Data under study START
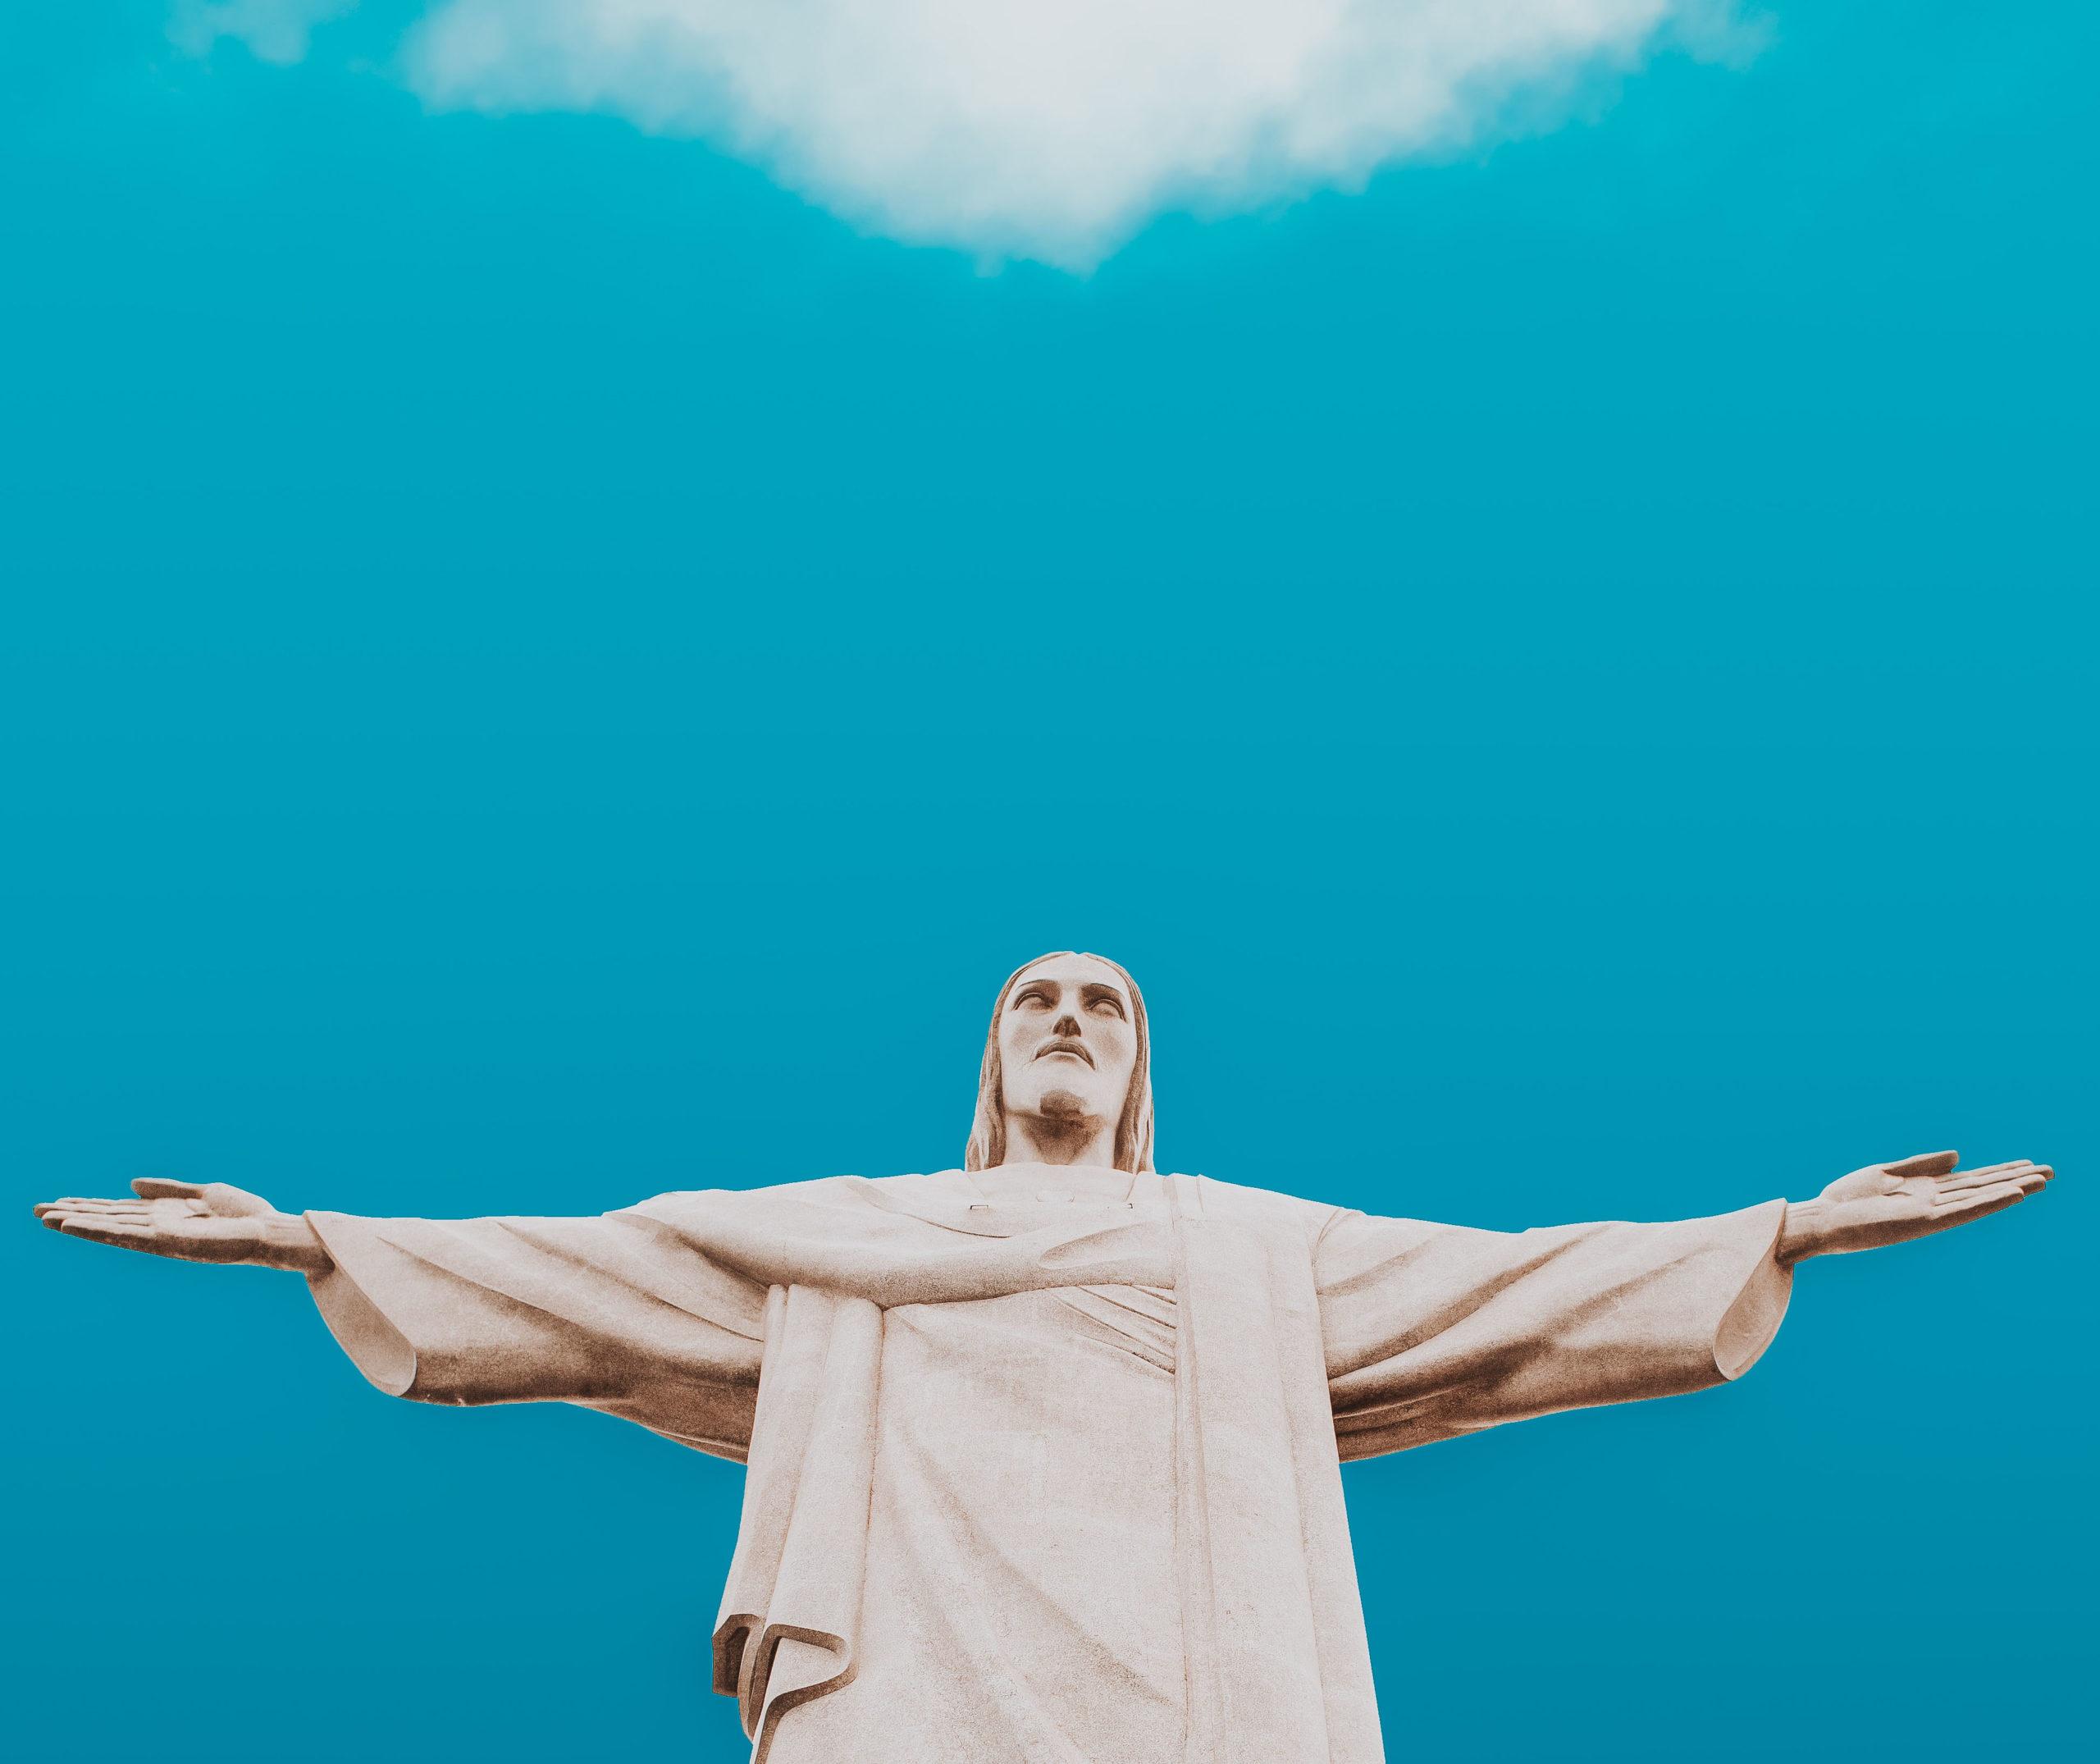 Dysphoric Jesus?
Data under study END
Data under study START
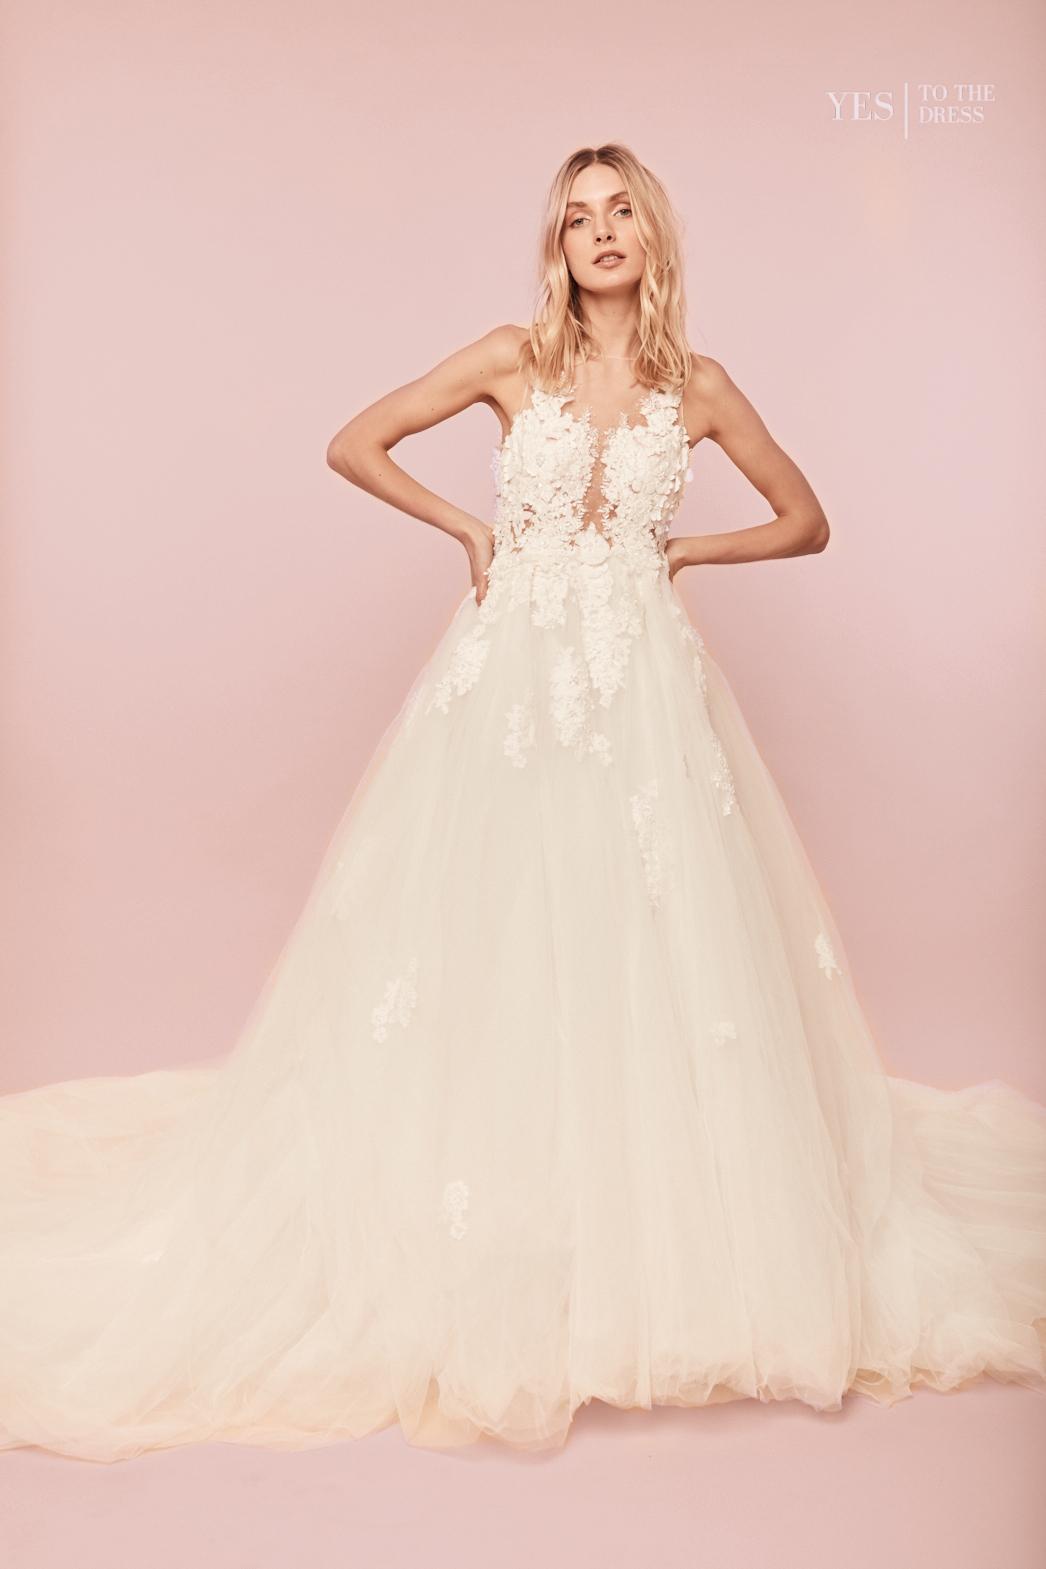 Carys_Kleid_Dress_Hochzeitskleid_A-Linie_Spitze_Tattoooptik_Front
Data under study END
Data under study START
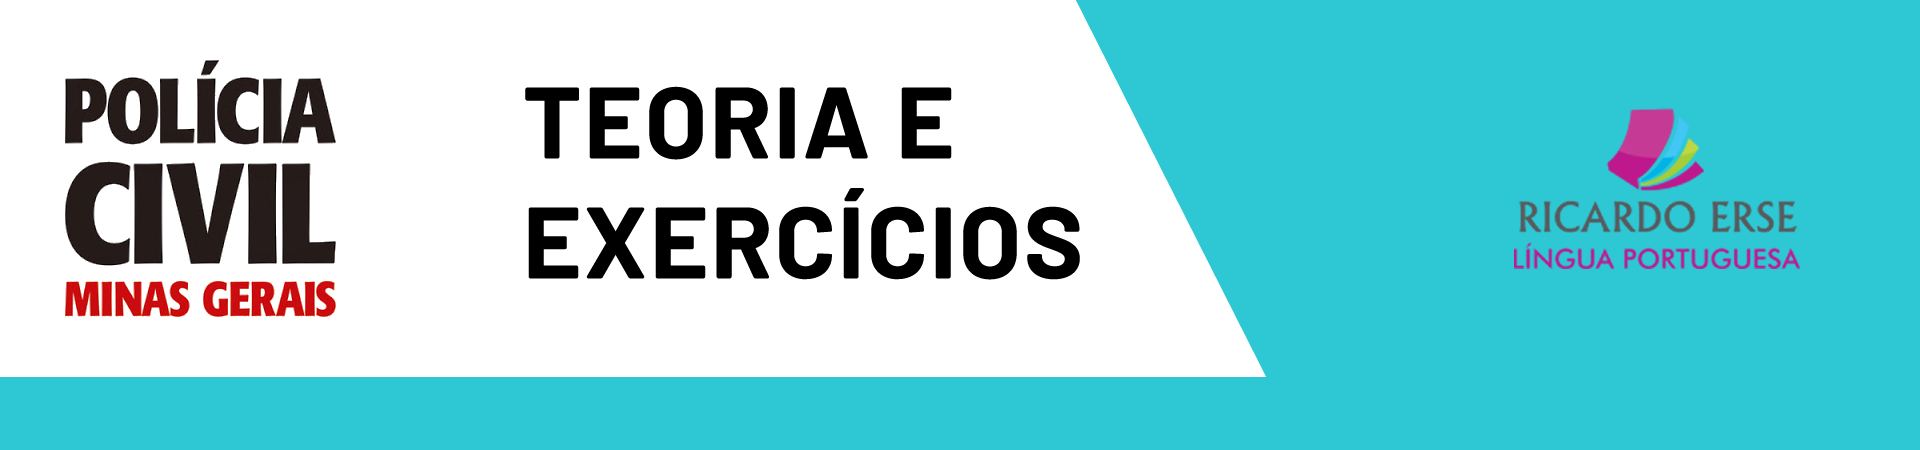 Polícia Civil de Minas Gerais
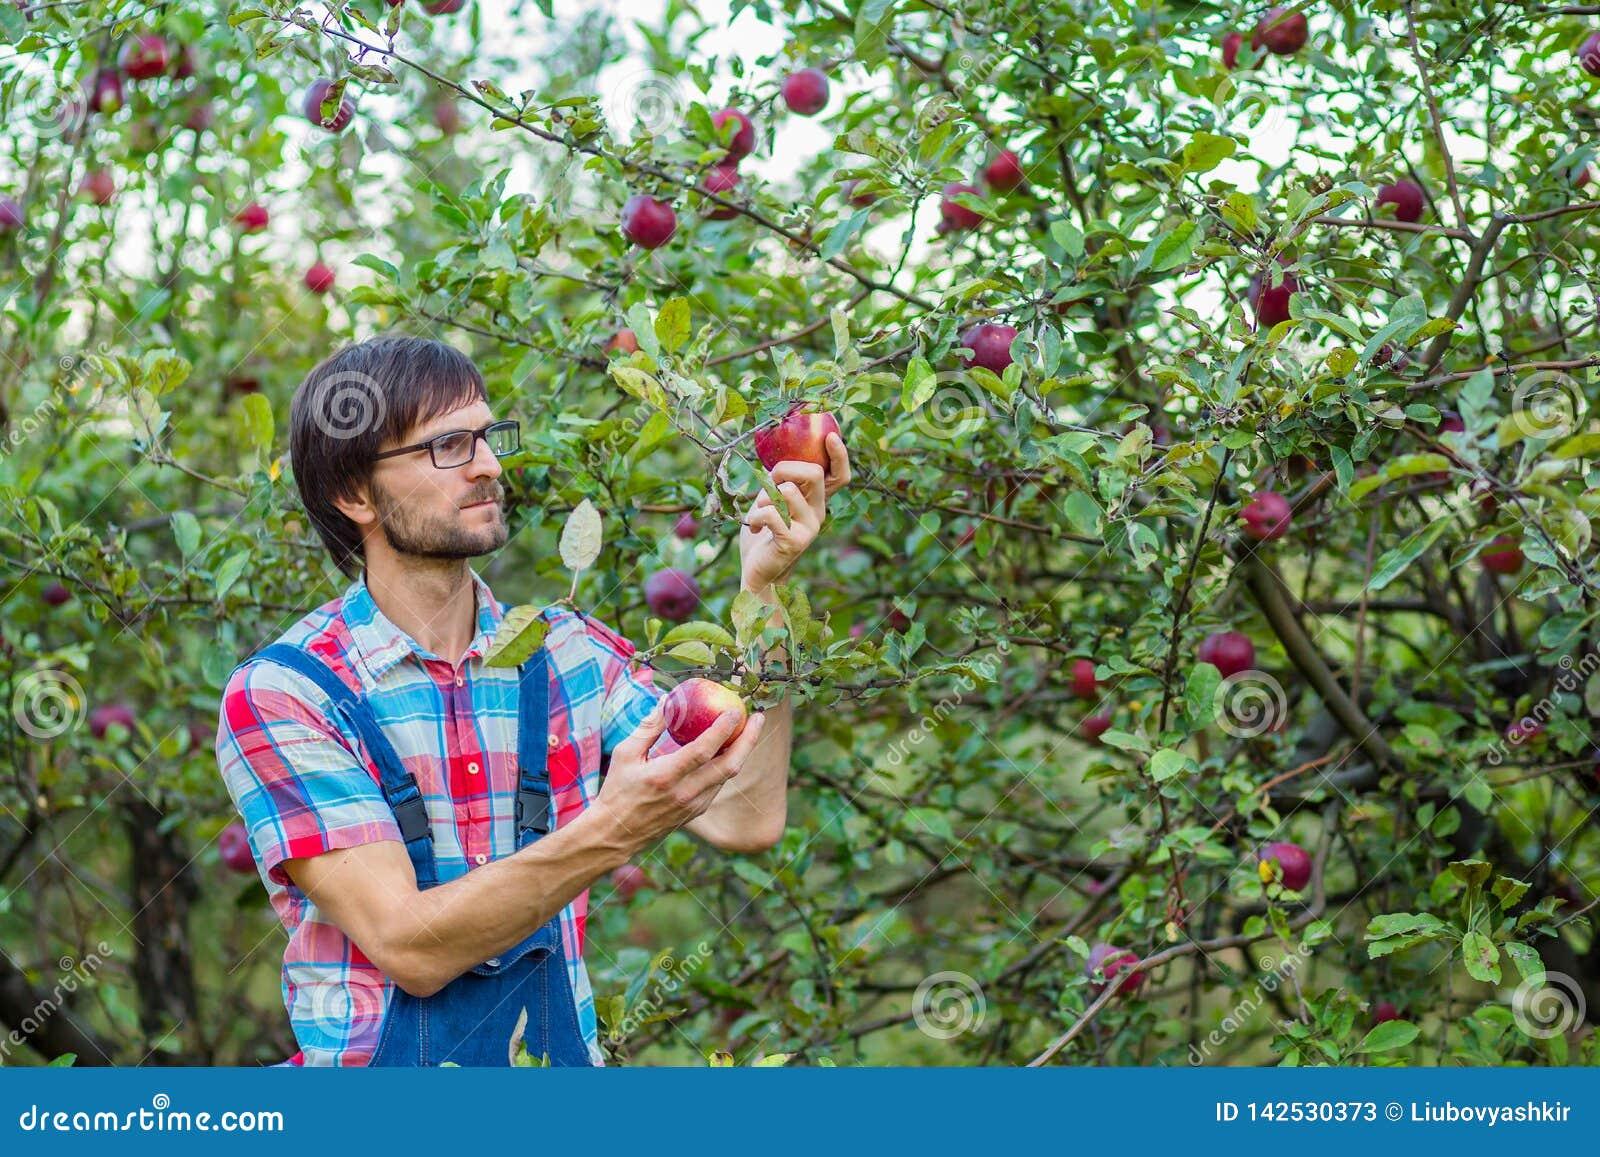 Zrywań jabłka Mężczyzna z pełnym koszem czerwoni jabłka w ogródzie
Data under study END
For the material above, give again only the lines starting at the line that contains "Polícia Civil de Minas Gerais" and ending at the line that contains "Zrywań jabłka Mężczyzna". Pictures do not belong in the copy.

__Solution for this task__
 Polícia Civil de Minas Gerais
 Zrywań jabłka Mężczyzna z pełnym koszem czerwoni jabłka w ogródzie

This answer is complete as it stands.